「孫子」とは、二千五百年前に書かれた中国の兵書である。
湾岸戦争で多国籍軍を率いたシュワルツコフ将軍、プロ野球史上未踏のV9を達成した巨人軍の正捕手・森祇晶氏、コンピュータ・ソフト企業の雄としてソフトバンクを創業した孫正義氏など、様々なジャンルの有名人がこの「孫子」を読み込み、その戦略を生かすことで成功を収めている。
「孫子」の戦略の根底は、「常に勝てる戦略」でなく「負けない戦略」である。
ライバルが複数ひしめいている状況では、生き残るために「戦って勝つ」ということよりも「負けない」ということがとても重要となってくる。
このようなことを現在の企業に当て嵌めてみると、現在の企業の関係はまるで戦国時代のように、どの業界を見ても飛び抜けた存在がいなく同じような力を持った複数の会社がライバルとしてひしめいている状況である。
こうした状況では、例えば上位の1位・2位の会社が熾烈な争いを行ったとすると、1位・2位の会社はこの熾烈な争いの中で疲弊していくと同時に、1位・2位以外の会社が漁夫の利を得るようにいつの間にかトップとして躍り出ることが多々ある。
「孫子」の考えでは、出来るだけ直接的な争いを避けることを良策しており、戦わずして勝つということを理想としている。
もしそれでも争うのであれば、徹底的に敵・味方の情報を集めて分析し、そして敵が準備を整える前に・味方は十分な準備を整えて、「短期間で決着」が付くように争うべきだともしている。
鉄道信号に関する業界・企業
鉄道信号システムに関する製品を出している企業は何社か存在しているのだが、シェアが大きくて鉄道信号に関する分野が企業の主力事業としているのは以下の3社である。
- 日本信号(6741)
- 京三製作所(6742)
- 大同信号(6743)
そして「この3社について、売上推移や利益率はほぼ似たり寄ったりとなっている。
あくまで僕の想像となるのだが、鉄道信号に関する分野でこの3社ははげしくぶつかる競争を避け、それなりの共存共栄といった戦略を取っているのではないかと思う。
主な顧客先を見てみても、日本信号は主にJR東日本、JR東海、JR西日本を中心にJR各社が最大の顧客となっているのに対して、京三製作所は私鉄・地下鉄が主な顧客となっている。

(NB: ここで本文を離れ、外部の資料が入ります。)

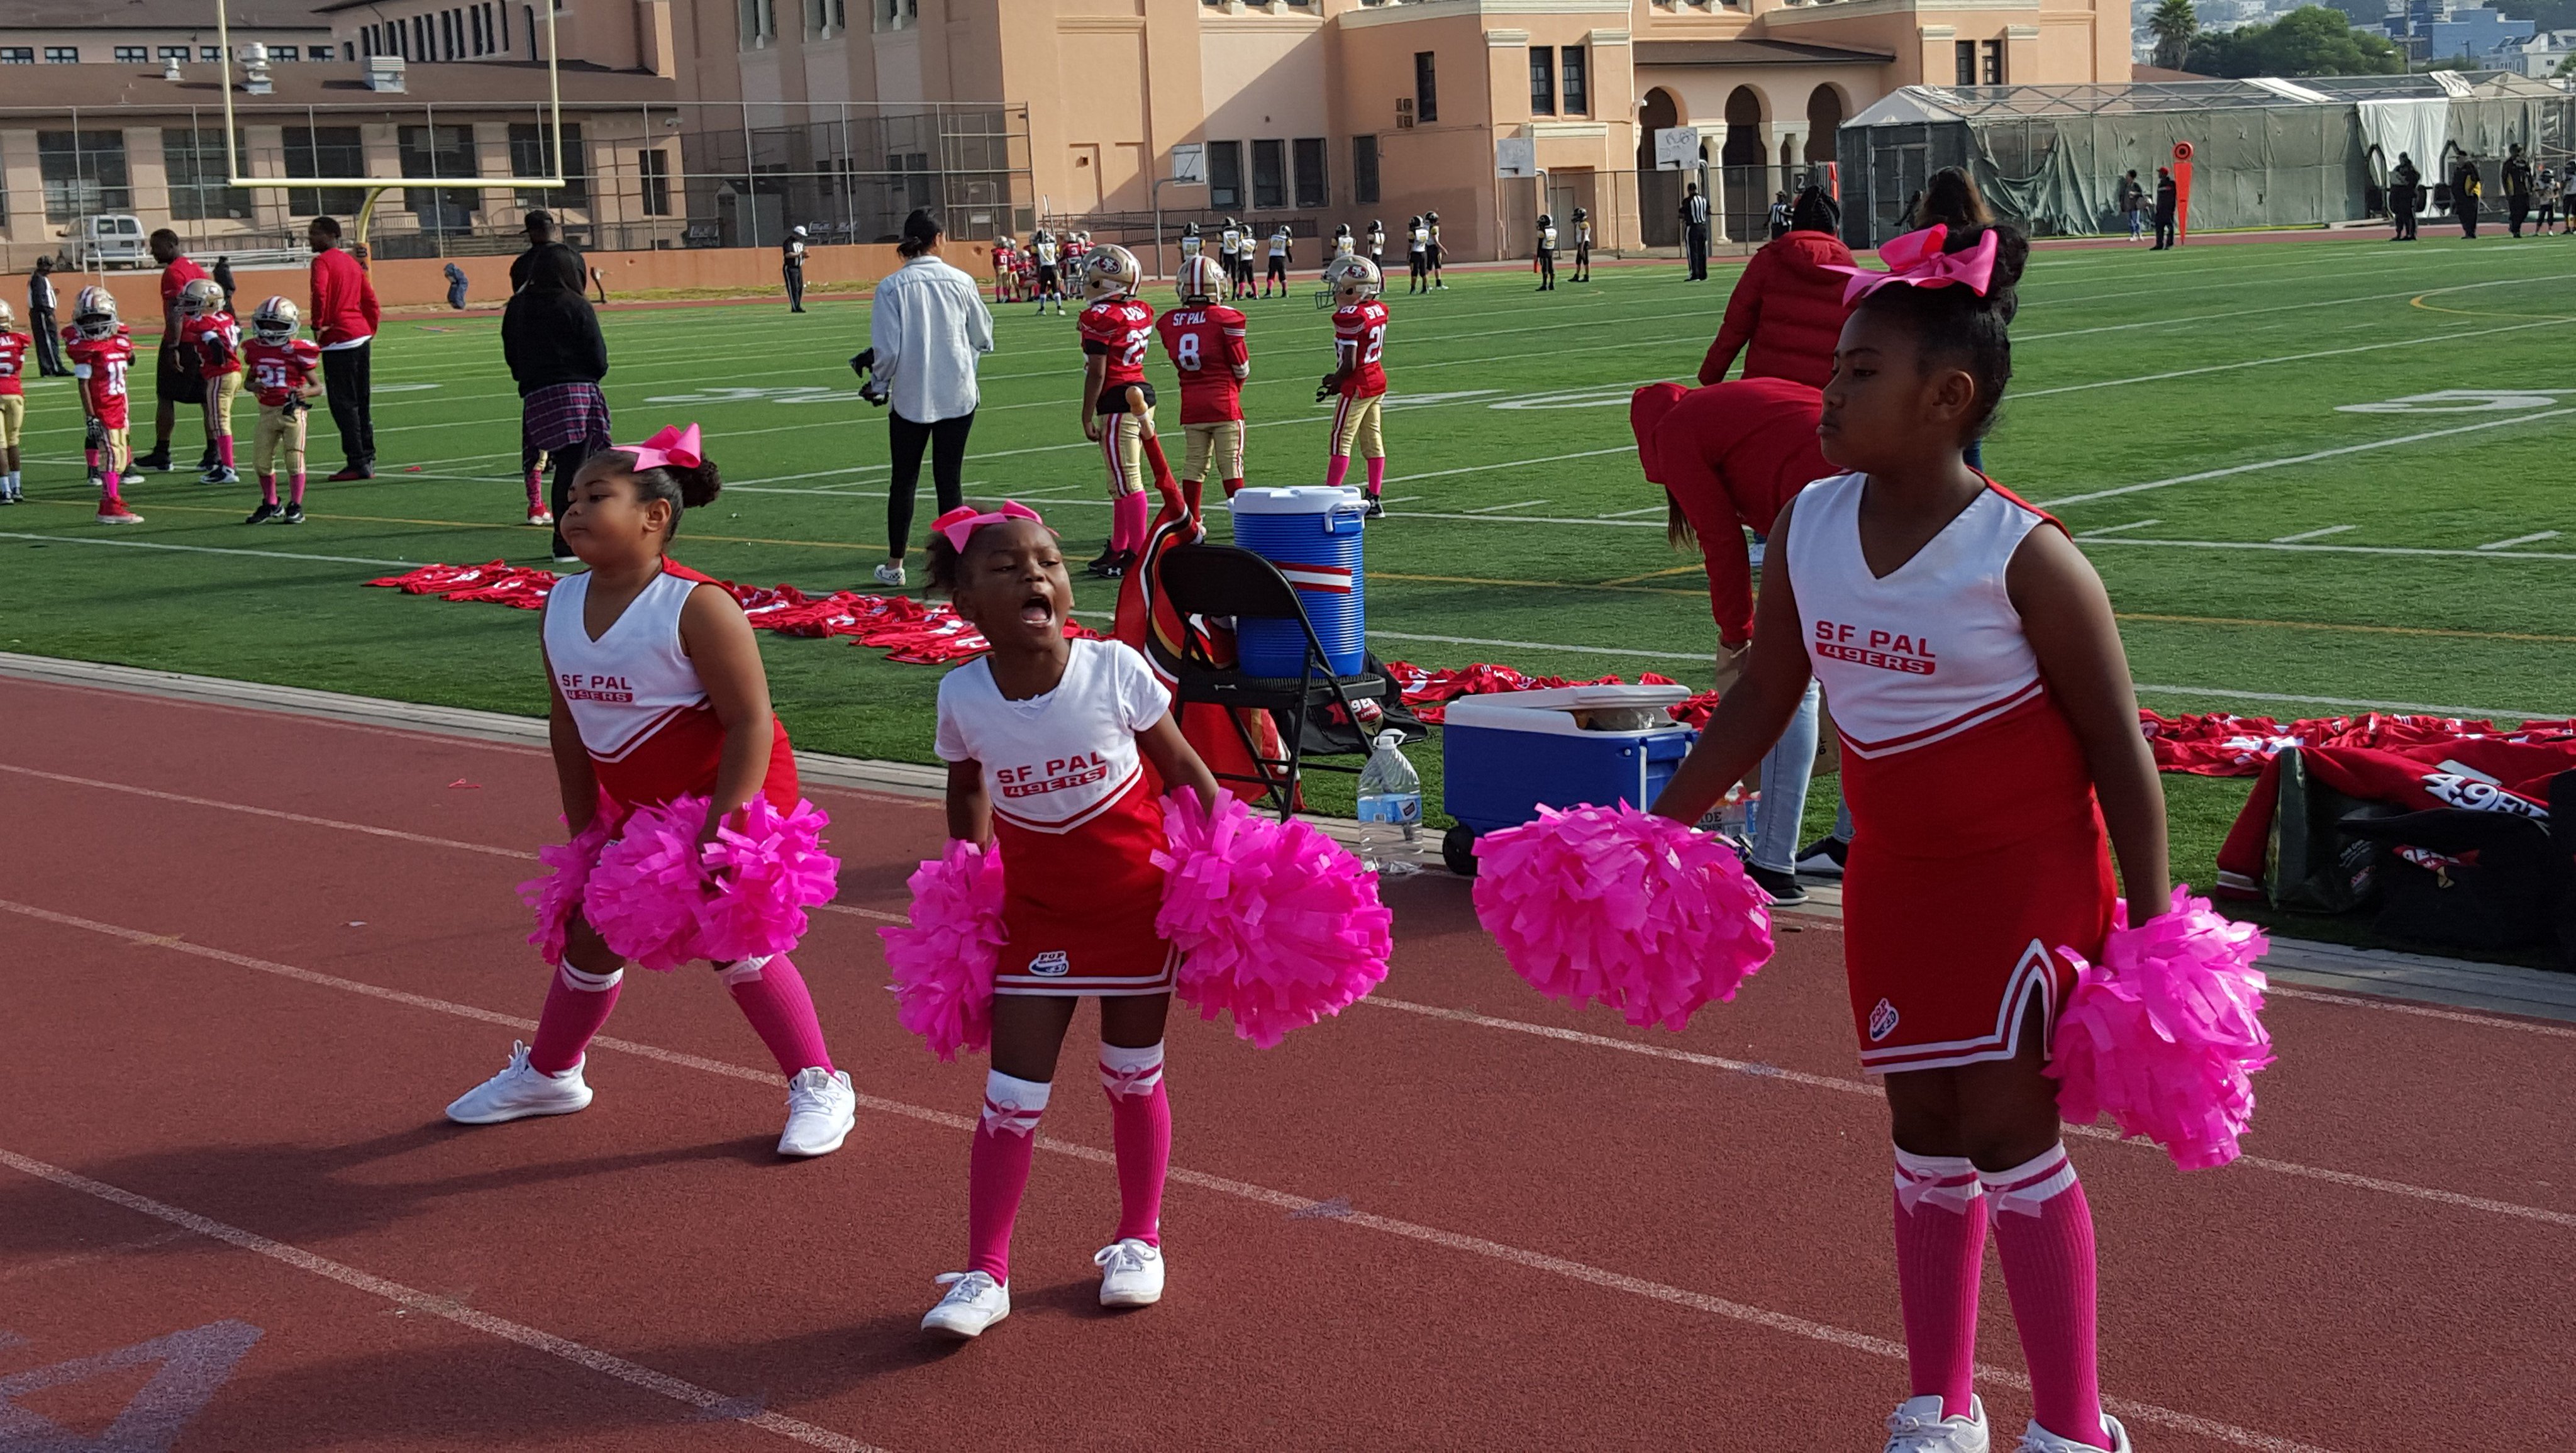 HS football teams showed support during pink October

「孫子」が言っているように、『「戦って勝つ」ということよりも「負けない」ということがとても重要』ということを理解している業界なのかも知れない。
日本信号(6741)
僕は、2012年頃に「日本信号(6741)」の会社の株を購入した。
当時、1株:562円の株価で購入したのだが現時点(2021/8/12)で929円であり約65%の評価益となっている。
「日本信号(6741)」の株を買って現時点では損はしていないのだが、日経平均は2012年頃から約3倍となっている。

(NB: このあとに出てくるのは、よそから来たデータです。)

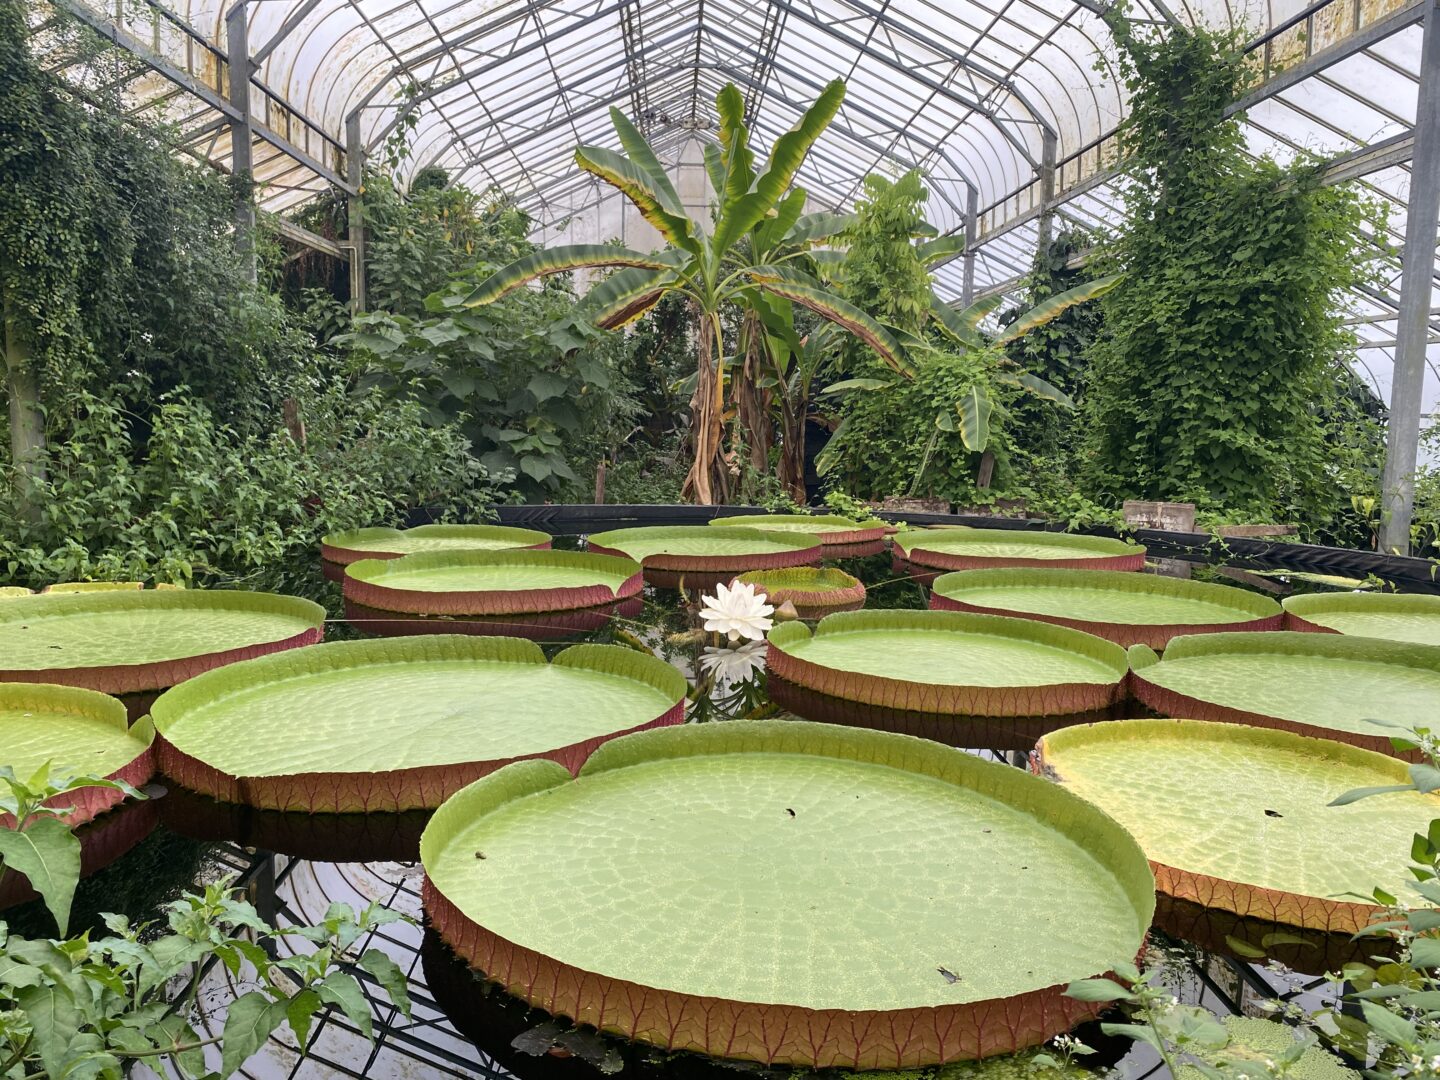 An image inside the Tropical House at Ventnor Botanic Garden, with tropical trees and plants in the background and giant waterlily pads in the pond in the foreground. A single Flower is in bloom with colours of white with hints of pink.

ちなみに「京三製作所(6742)」「大同信号(6743)」も2012年から株価は上昇しているが日経平均の成績にはとても敵わない状態である。
企業として生き残るということは大事なのかも知れない。だが「孫子」の言う『「戦って勝つ」ということよりも「負けない」ということがとても重要』という感じの業界・企業に投資しても良い成績は収められないのかも知れない。